Studio album by Interface
- Released: March 2006
- Recorded: Summer/Fall 2005
- Genre: Futurepop Electro-industrial
- Length: 78:56
- Label: Nilaihah Records
- Producer: Eric Eldredge

Interface chronology
| Angels in Disguise (2002) | Beyond Humanity (2006) | Visions Of Modern Life (2009) |

= Beyond Humanity =

Beyond Humanity is the third full-length album by Interface. It was released by Nilaihah Records on March 14, 2006.
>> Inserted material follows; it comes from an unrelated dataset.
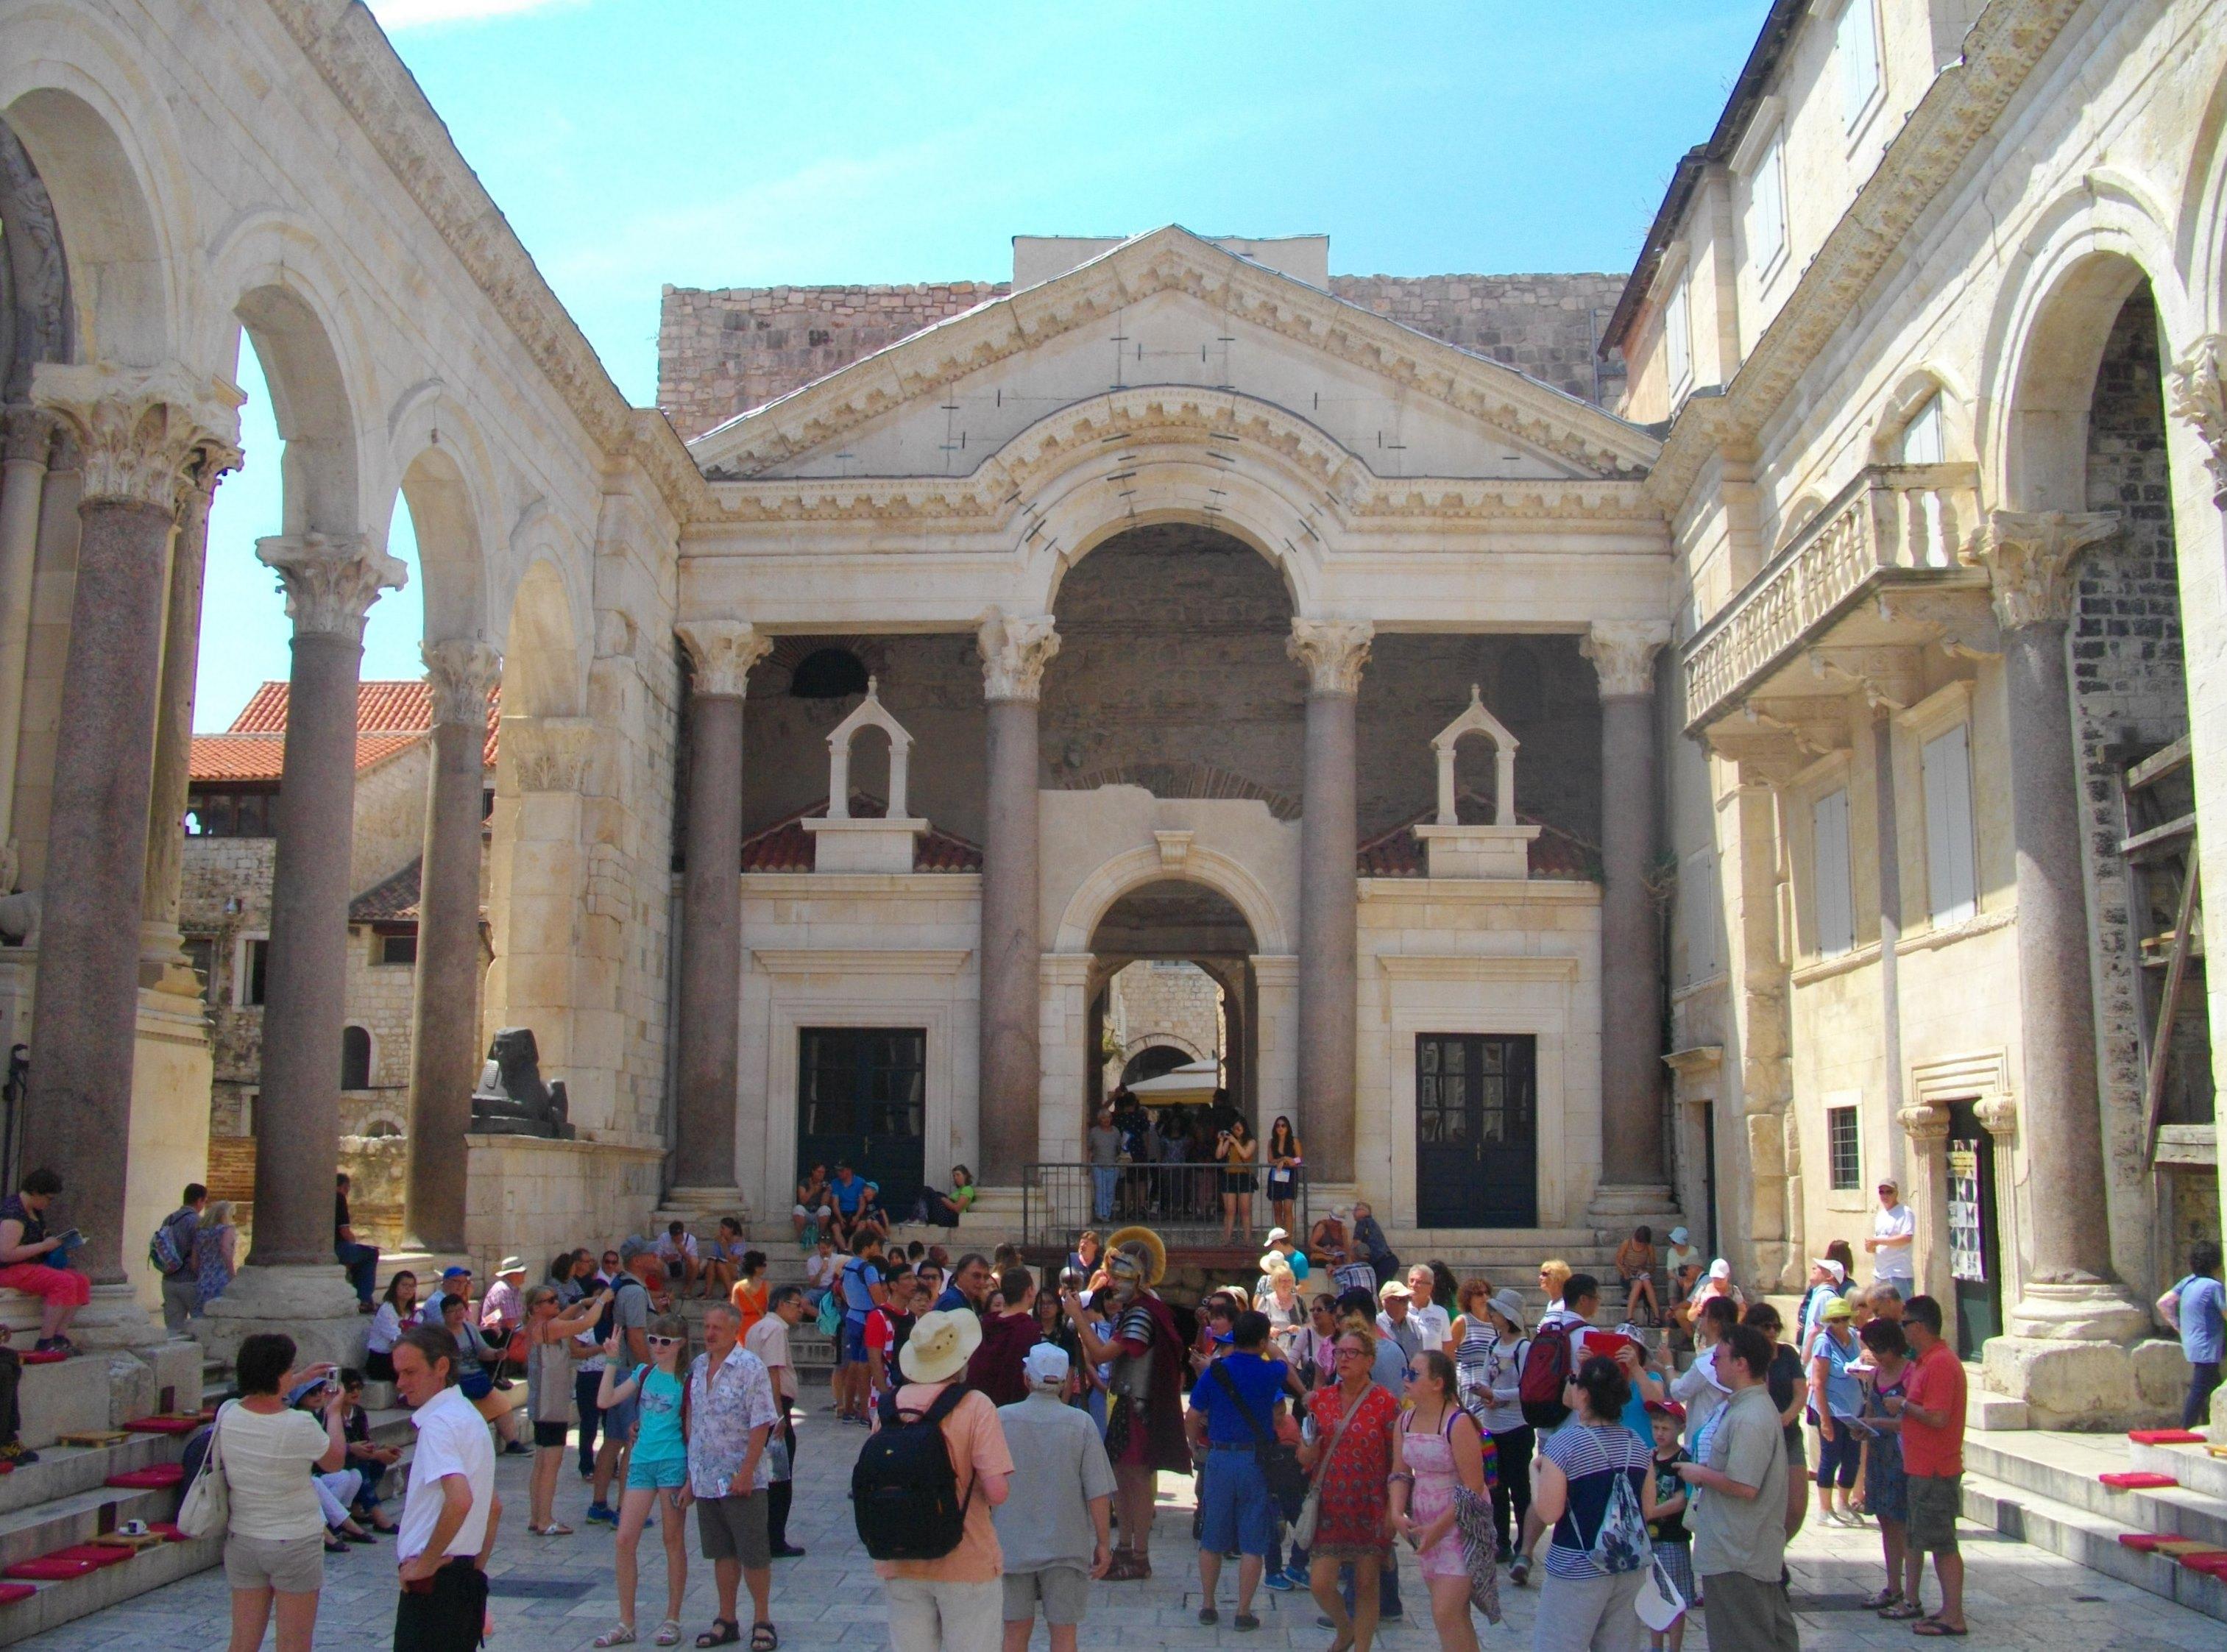 Mein Schiff Sehenswürdigkeit: der antike Säulenhof Peristyl

The album was the band's first to be recorded and produced entirely within the environment of the computer, with little hardware instrumentation. It was also the band's first album in nearly four years thanks to the demise of the Tinman record label at the end of 2005. By that point the band had already committed to recording a new album, and began to shop it to other labels. Landing on Nilaihah in early 2006, the album saw the light of day March 14 with a series of bonus tracks added on. Some of these were remixes of songs on the album while others were of earlier material from Angels In Disguise songs, and the last track "Doubts And Fears" was exclusive to a compilation CD. To make room for the latter, the band was forced to drop a track from the original listing named "Darkness Prevails", which did appear when the band held a listening party premiere on the Side Line chat room in October 2005.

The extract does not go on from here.